» Aim of the task
The required output is every line from the one containing "Hamilton Beach 21" through the last line of the listing below, copied exactly, pictures excluded.

» Dataset extract
»»

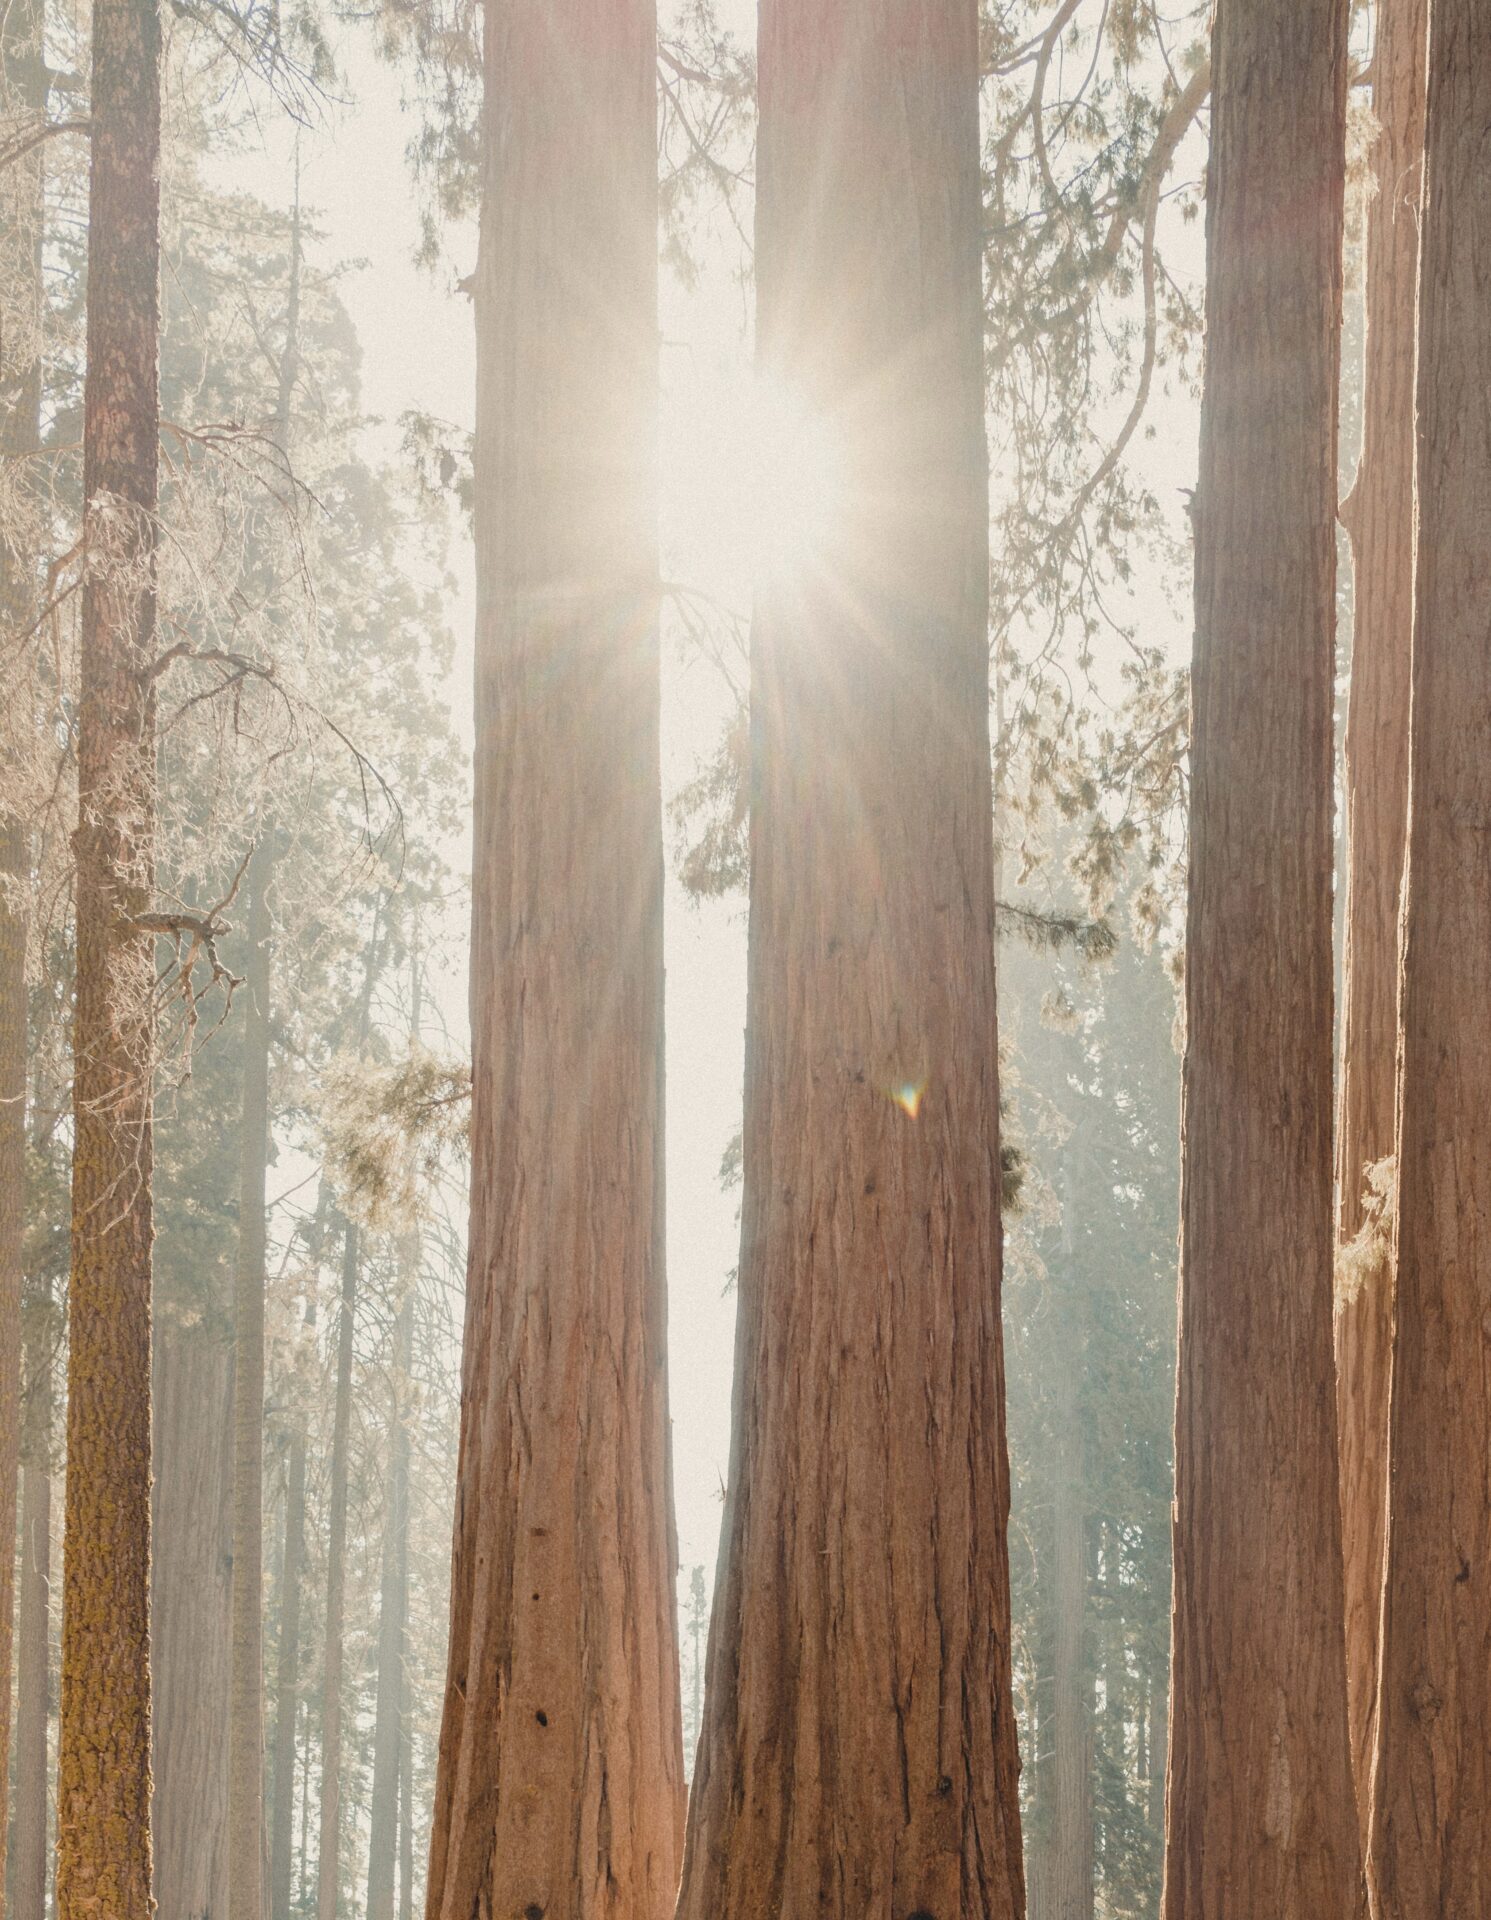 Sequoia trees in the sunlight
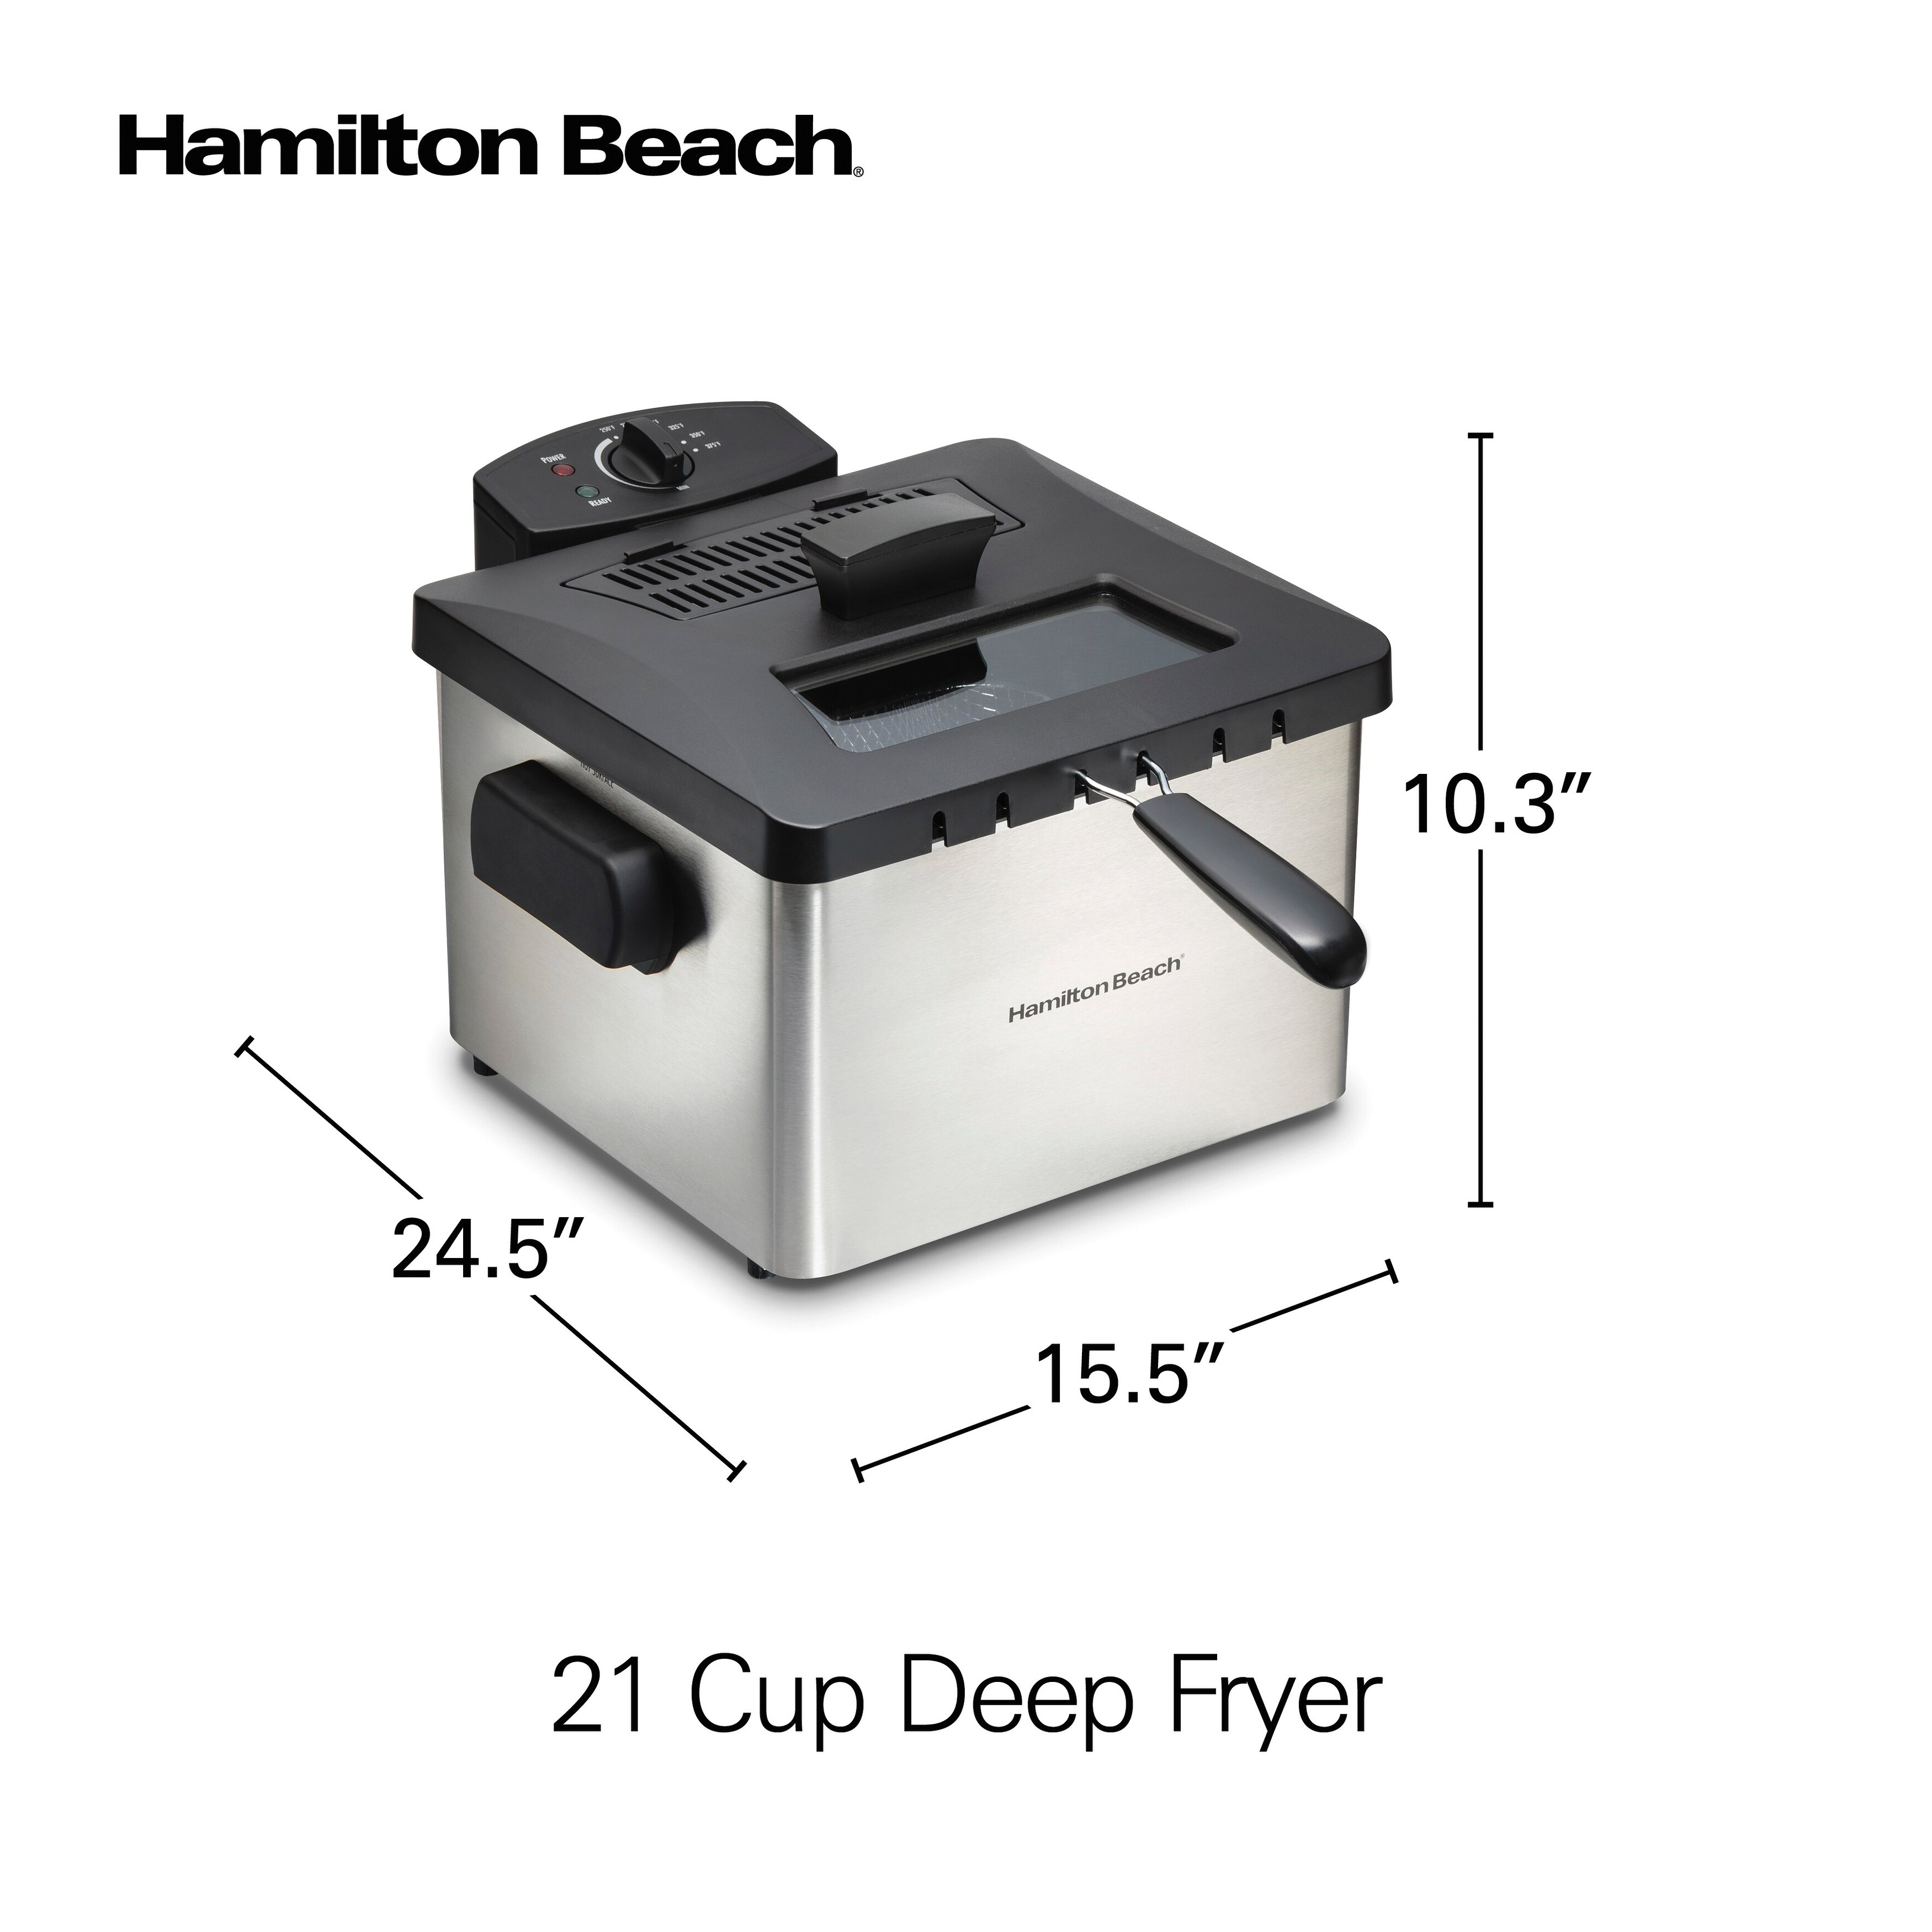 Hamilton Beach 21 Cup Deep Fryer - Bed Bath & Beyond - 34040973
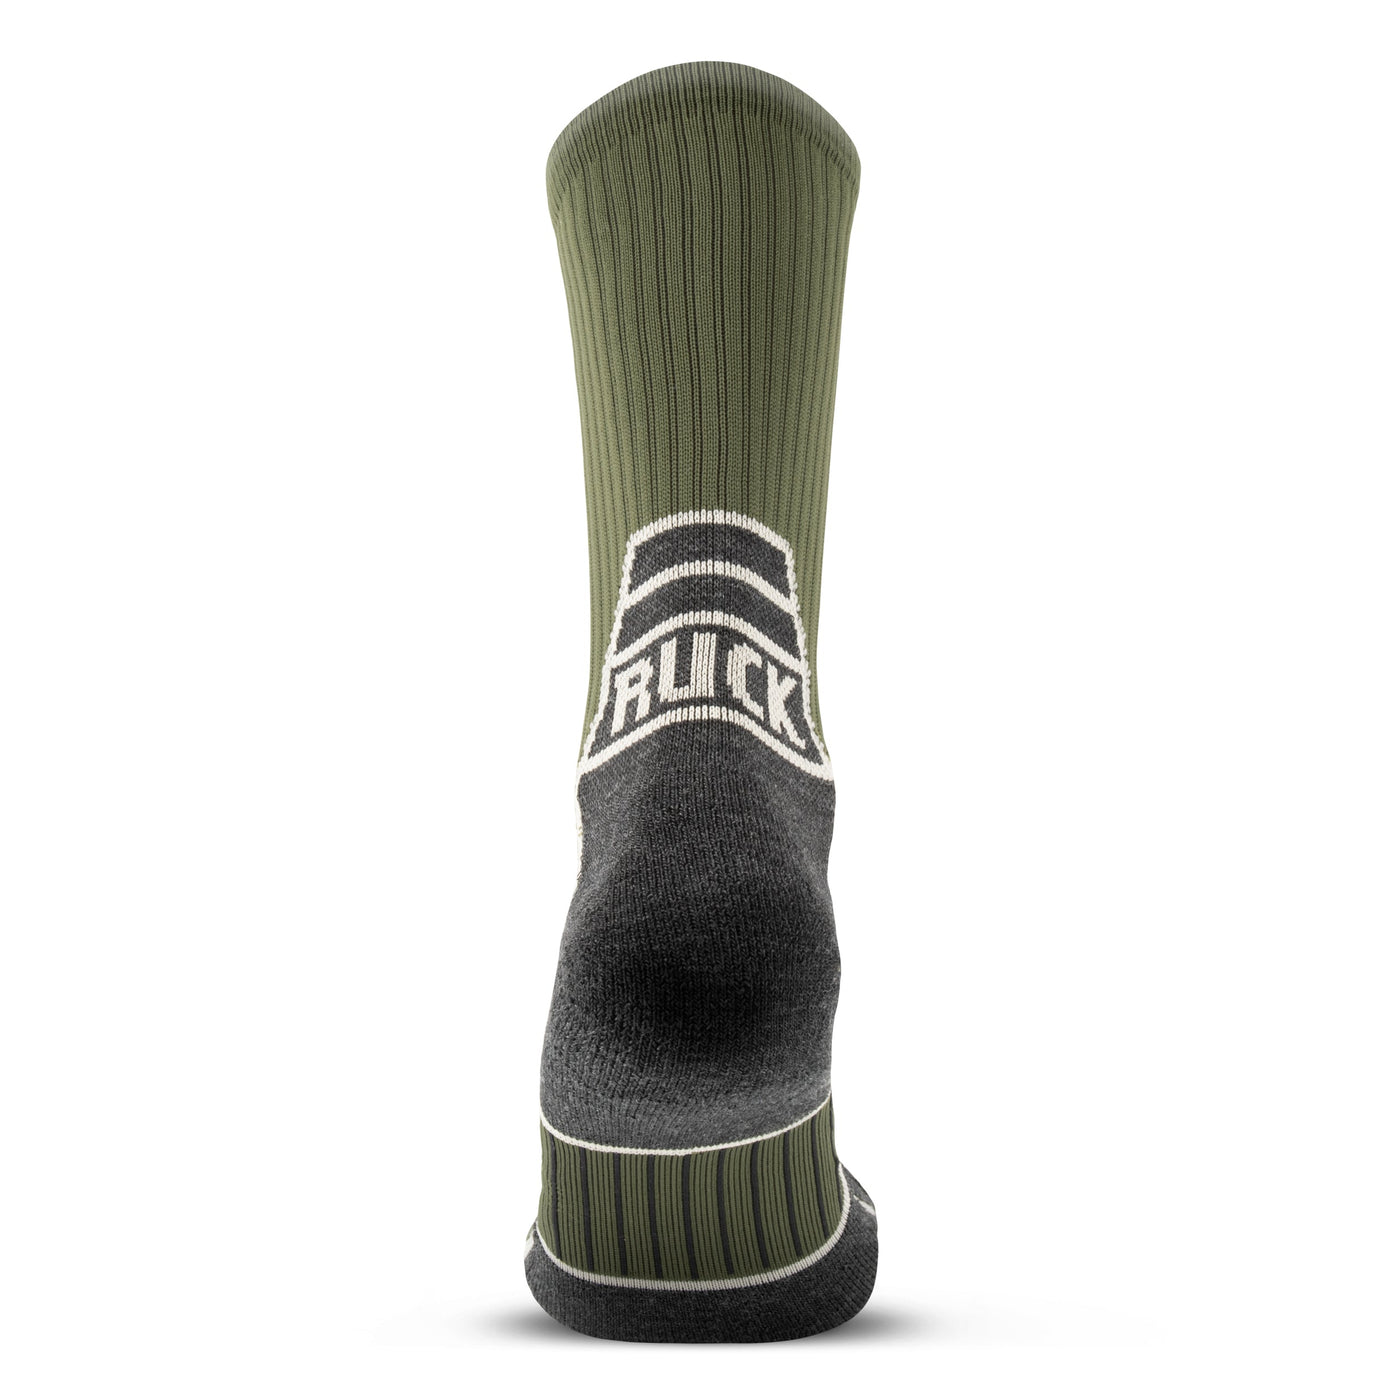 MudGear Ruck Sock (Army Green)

««

» Output of the exercise
 Hamilton Beach 21 Cup Deep Fryer - Bed Bath & Beyond - 34040973
 MudGear Ruck Sock (Army Green)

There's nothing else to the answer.